Opening up the Edinburgh Fringe experience for everyone


Over the last 10 years there has been a drive to wipe out unpaid or low paid placements in arts organisations across the UK.

For many years, Battersea Arts Centre was one of the worst culprits, offering three month unpaid work placements, affording crucial work experience to young people seeking work, without paying them. And thus we contributed, like many others, towards a skewed workforce across the arts, dominated as it is now by well-supported, middle-class graduates. We have weened ourselves off this bad model and now we look back, and like smoking in pubs, you wonder how we ever did that?!

At last year’s Fringe Festival there was a Guardian debate for A Nation’s Theatre at which Jo Crowley, Lorne Campbell and lots of members of the audience reaffirmed something we all know but don’t talk about much…that the Edinburgh Fringe is the UK’s biggest unpaid or low-paid placement of all. Every year, thousands of young people take the pilgrimage to Edinburgh to volunteer at a venue, work in a bar, perform or support someone else’s show.

Whatever they opt to do they become part of the world’s biggest arts network, the most staggeringly well connected global arts community where venue directors, programmers, critics, funders and artists, spend three and half weeks, walking around 4 square miles of a single city, learning about each other, making connections and talking about how to work together.

I’m not saying for a moment that it’s easy for those who are here – but we have to ask ourselves the question who is not here?

Because the first, massive hurdle is simply getting here. A few things can help you get to the festival for the first time:

  • financial support or the ability to get and manage a loan
  • friends or family or a network to help you find accommodation
  • knowing that the festival exists, what it can offer you and how to use it

If you speak to anyone you admire who works in theatre and ask them how they began to create, produce or perform in work, I would guess that at least half, perhaps more, will have an Edinburgh chapter to their story. For some, it is a profoundly important chapter that kick starts their career, their understanding of their passion in the theatre ecology.

When you look at the challenges of becoming part of that ecology, is it little wonder that we have an ongoing problem with a lack of diversity in theatre?

At the Guardian debate last year, I promised myself that Battersea Arts Centre would do something, however small, the following year. I thought I would share the detail of what we’re doing this year for a couple of reasons:

  • to connect with other organisations or people who are already running related initiatives, perhaps we could share plans and learning in advance of next year?
  • to see if other publically subsidised organisations who receive over several hundred thousand pounds of annual subsidy, who are not currently doing something, would like to do something next year? Maybe we could club together and do something?
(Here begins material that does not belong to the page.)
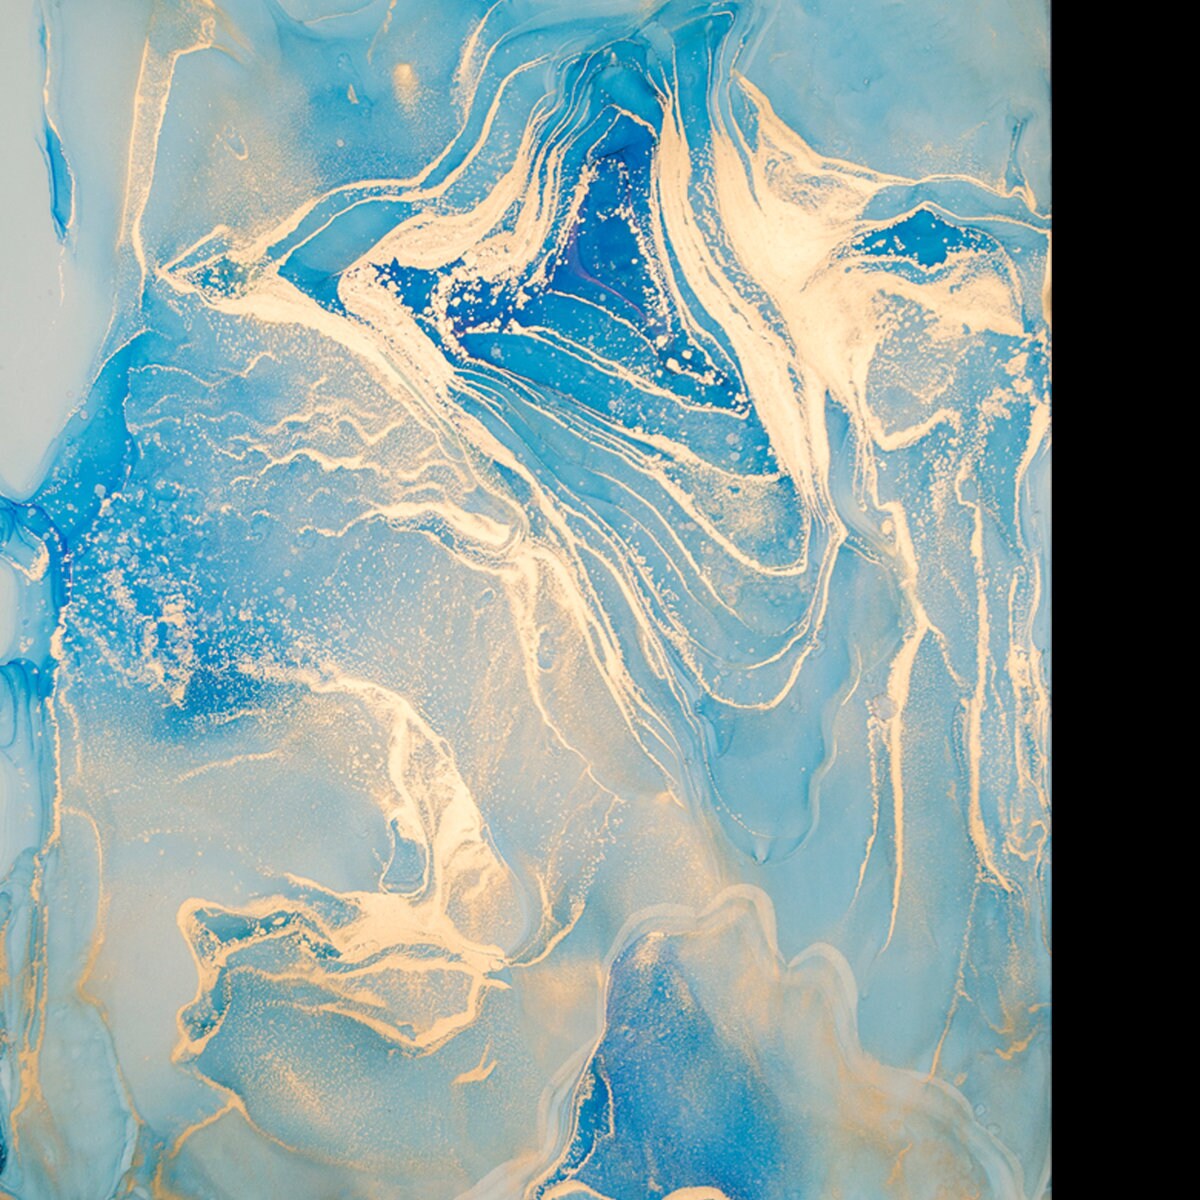 Luxury Abstract Fluid Art Painting, Mixture of Blue and Gold Paints. Imitation of Marble Stone Cut Wallpaper Living Room Mural
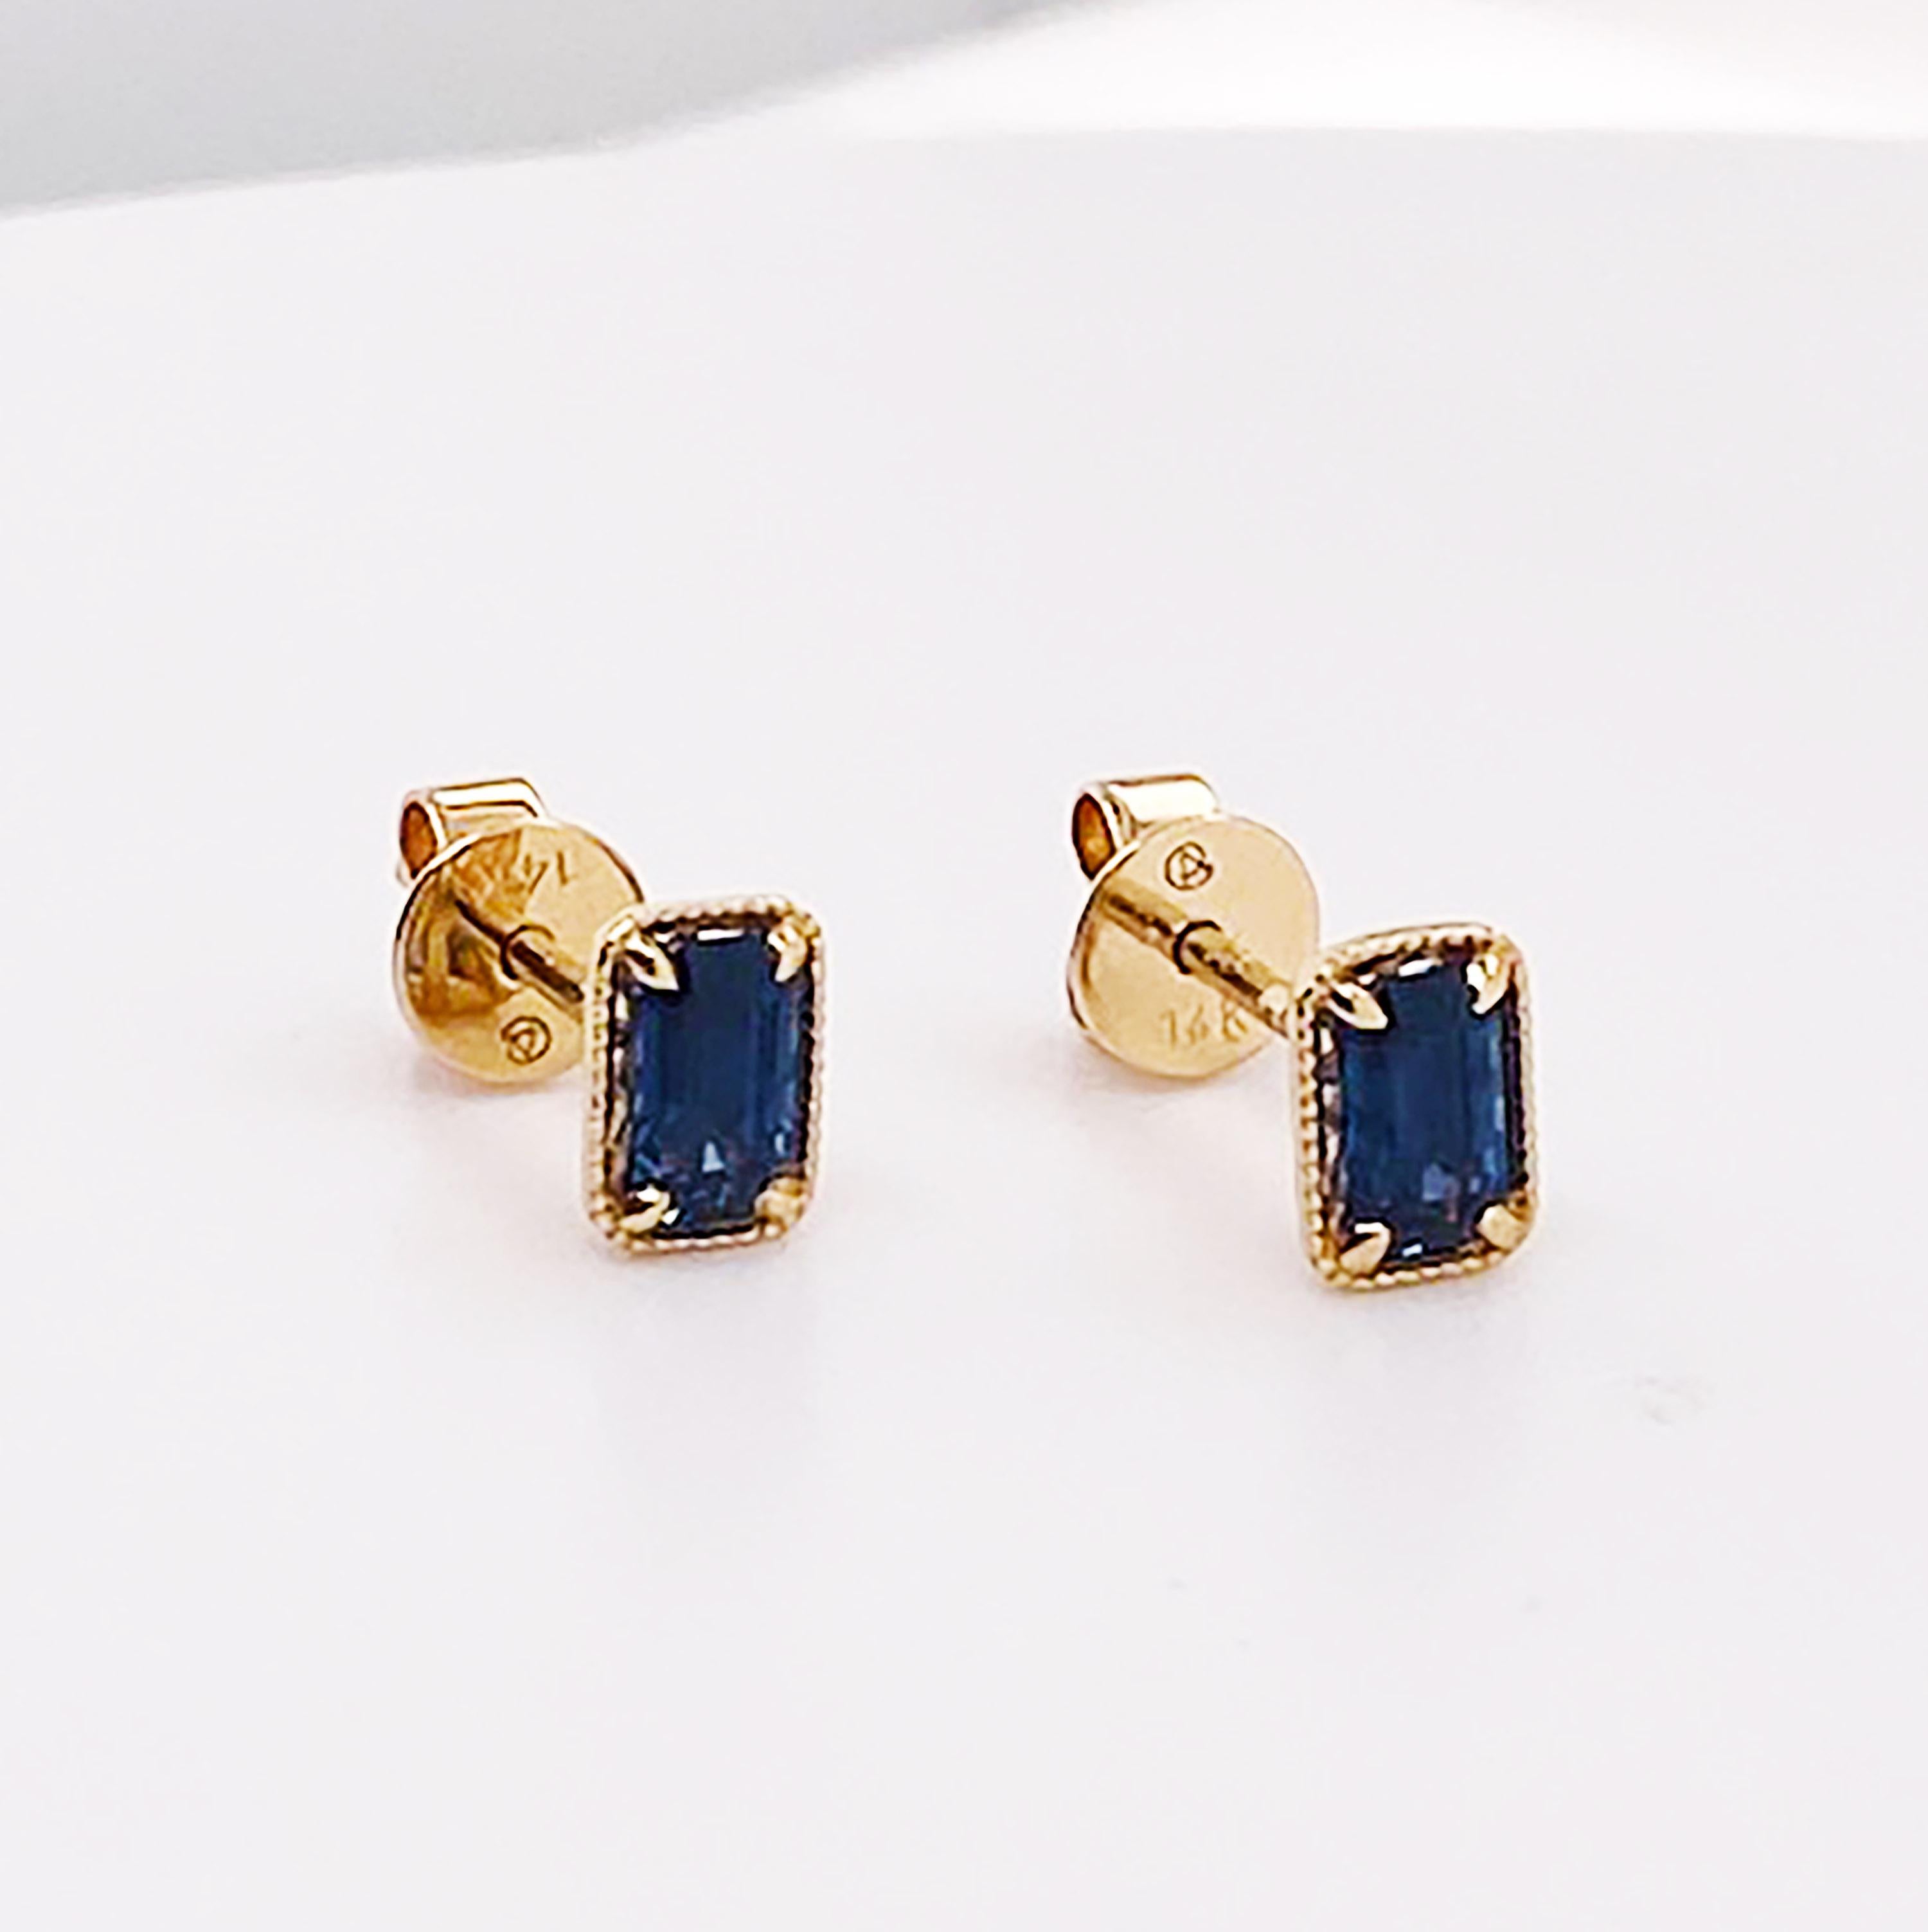 Sapphire Stud Earrings 14K Gold .80 Carat Emerald Cut Sapphire September Earring In New Condition For Sale In Austin, TX

Here’s the practical details of what we’re did this year:

  • advertised two paid roles to local young people between age of 18 and 29
  • for people who had not previously considered a trip to Edinburgh or attended the festival
  • for people who had an interest in theatre or dance or spoken word or circus or music or a combination
  • we offered:
    • free accommodation in Edinburgh in the Battersea Arts Centre flat we rent for producers
    • free return train tickets to travel with a BAC producer
    • a fee of £250 (ensuring the fee equated to no less than £60 per day)
    • a ticket budget of £90
    • support from a BAC producer before, during and after the Edinburgh trip
  • we asked for:
    • daily reports to describe your Edinburgh experience and a blog at the end
    • attending a “seen & met” meeting at BAC to discuss the networks you have developed and how you might now use them

It cost us less than £1,000 to give 2 young people a very valuable experience in Edinburgh. It’s a scratch, so we will learn from what works and what doesn’t this year and refine the model for next year.

If every NPO in England funded over £300k did something similar we could offer a similar experience to over 400 young people every year in Edinburgh. If those funded at a higher level did more, we could offer many more. If we secured sponsorship we could make these placements longer and richer.

Given that Edinburgh plays such a profoundly important part in the ecology of theatre, seeding or developing the careers of hundreds of theatre makers every year, then if we want to make change to the kinds of people who create and support the development of theatre, then we could do a lot worse to focus some of our resources on providing an Edinburgh experience to people who would otherwise not get here – and benefit from this hugely advantageous moment in our annual calendar.

If anyone wants to team up and do something like this next year together, or connect us with an existing initiative, please do email me or

Thanks for reading.

One comment

  1. This is a brilliant, much needed, overdue and simple step forward. I’ve just returned from Edinburgh after a few years not visiting for various reasons. I was assessing (voluntarily at my own cost – as were most of the assessors) for one of the awards, being in the fortunate position to be able to invest in own Professional Development. I was struck every day by the lack of diversity on stage, in the audiences and bars – and therefore the artistic, policymaking and friend making conversations. Watching the work of young and emerging companies, predominantly all white groups, was particularly striking. Even if diversity is evident on training courses, the high costs of attending Edinburgh are knocking out a high proportion of those with new and exciting voices from being seen and recognised at this early stage of developing their craft. If the bigger NPOs made strides in addressing supporting artists into these meeting places of artists, networks, critics and audiences we’d surely all be stronger for it.